Balancing the challenges of underdiagnosis (missing or delaying important diagnoses) and overdiagnosis (labeling patients with diseases that may never cause suffering or death) can feel like walking across a canyon on a tightrope. Diagnostic errors occur in an estimated 10 percent to 20 percent of cases and will affect most Americans at least once in their lifetime. They are the leading cause of medical malpractice claims, harming more than 4 million people at a cost of more than $100 billion. 

Developing effective means to prevent diagnostic error has become an urgent priority. Physicians may compensate by ordering expensive, and often unnecessary, tests, scans, lab work and specialist referrals. However, those extra tests may not yield any better or more specific explanations, and could cause harm to the patient through false positives, delayed treatment, permanent disability or death.

So how can physicians find the “sweet spot” between doing too much, or too little? That was the question posed by Gordon Schiff, M.D., associate director of Brigham and Women’s Center for Patient Safety Research and Practice at a workshop during this week’s Society to Improve Diagnosis in Medicine (SIDM) conference in New Orleans.

Gordon Schiff, M.D.

There has been increasing national attention on overdiagnosis, overtesting, and overtreatment, he said, referring to this Wall Street Journal article. In reality, it’s two sides of the same coin, Schiff told the audience of physicians, nurses, administrators and policymakers. “What we’re striving for in all cases is the appropriate, conservative diagnosis. One that is smarter, safer, thoughtful, rational and honest.”
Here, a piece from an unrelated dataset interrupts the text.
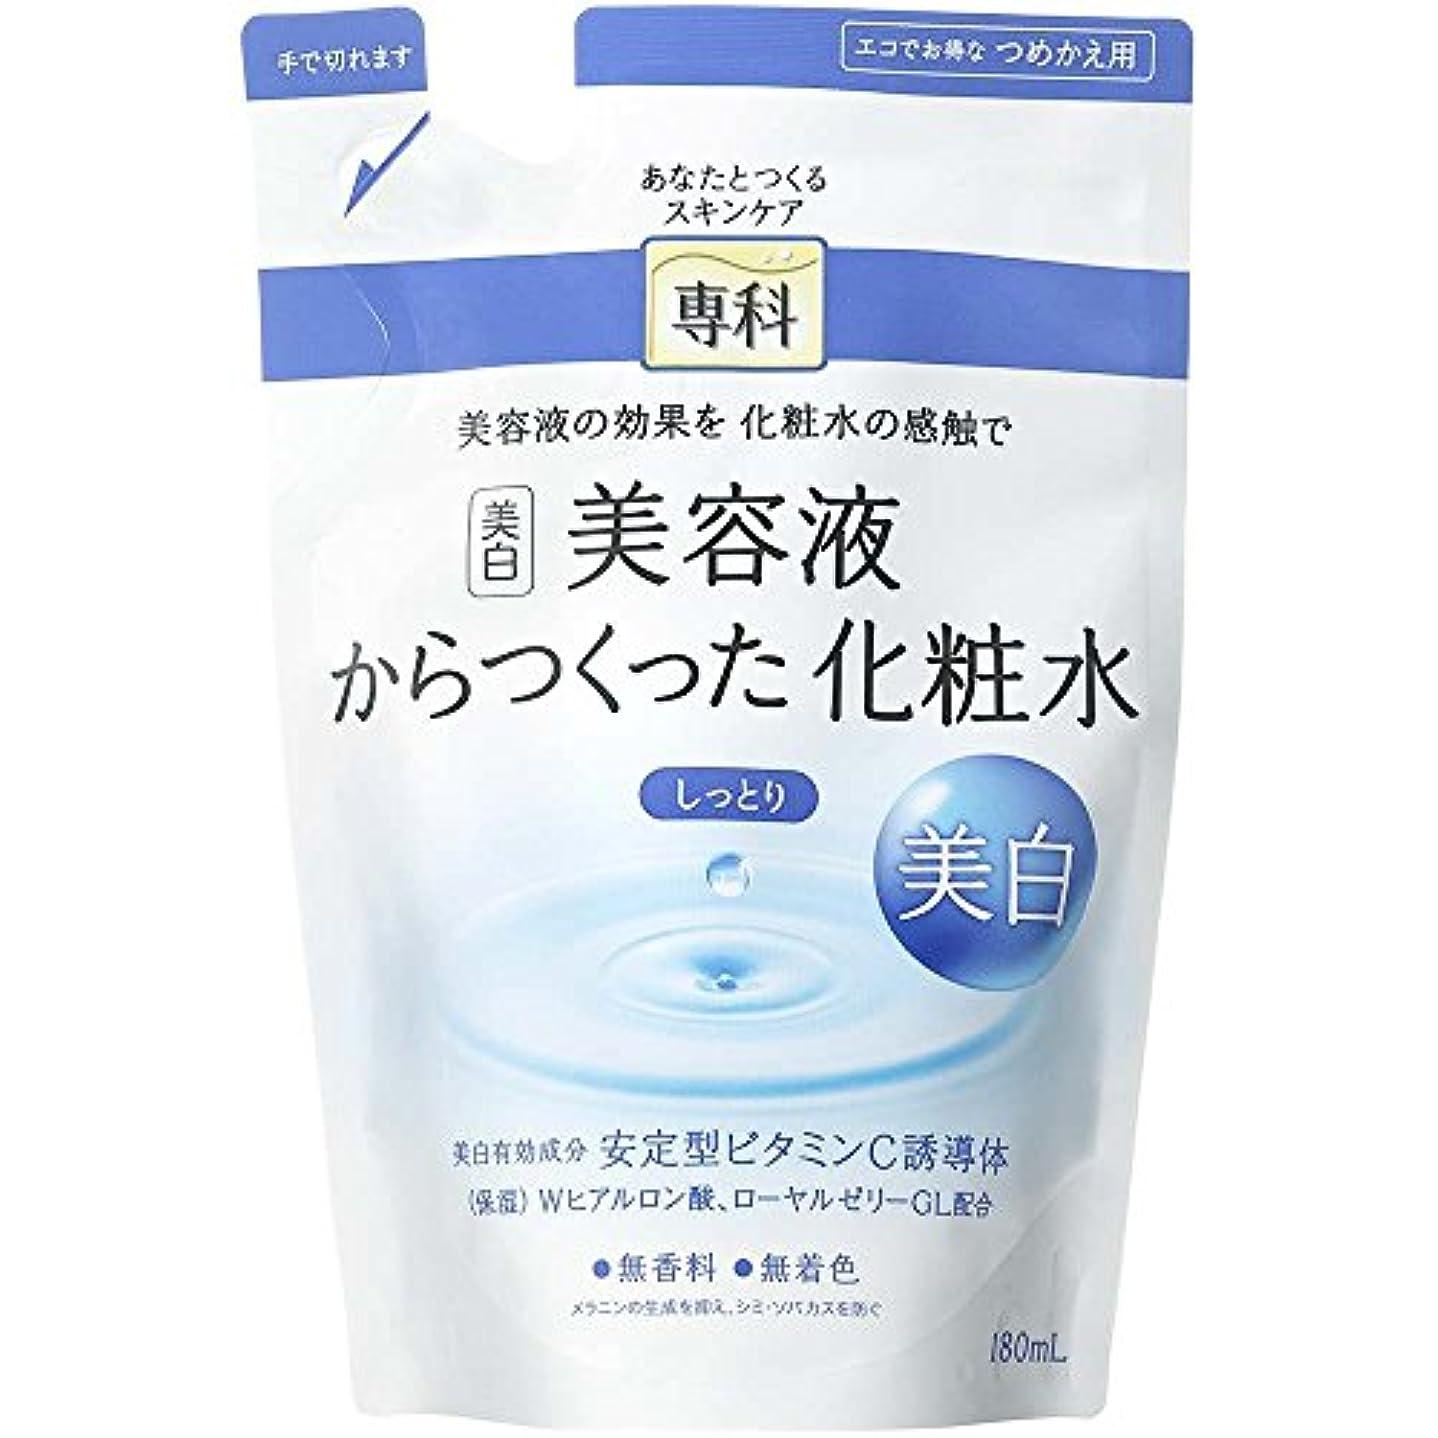 裁判官組立できれば専科 美容液からつくった化粧水 しっとり 美白 詰め替え用 180ml

To get there, Schiff says doctors should keep some core principles at the forefront of every diagnostic decision. These concepts go beyond just doing fewer tests; it’s doing more appropriate testing, collaboration and providing better care.

A 2015 report from the Institute of Medicine concluded that most people will experience at least one diagnostic error in their lifetime, sometimes with devastating consequences.  The authors called for urgent change to address the situation and to improve health care quality and safety.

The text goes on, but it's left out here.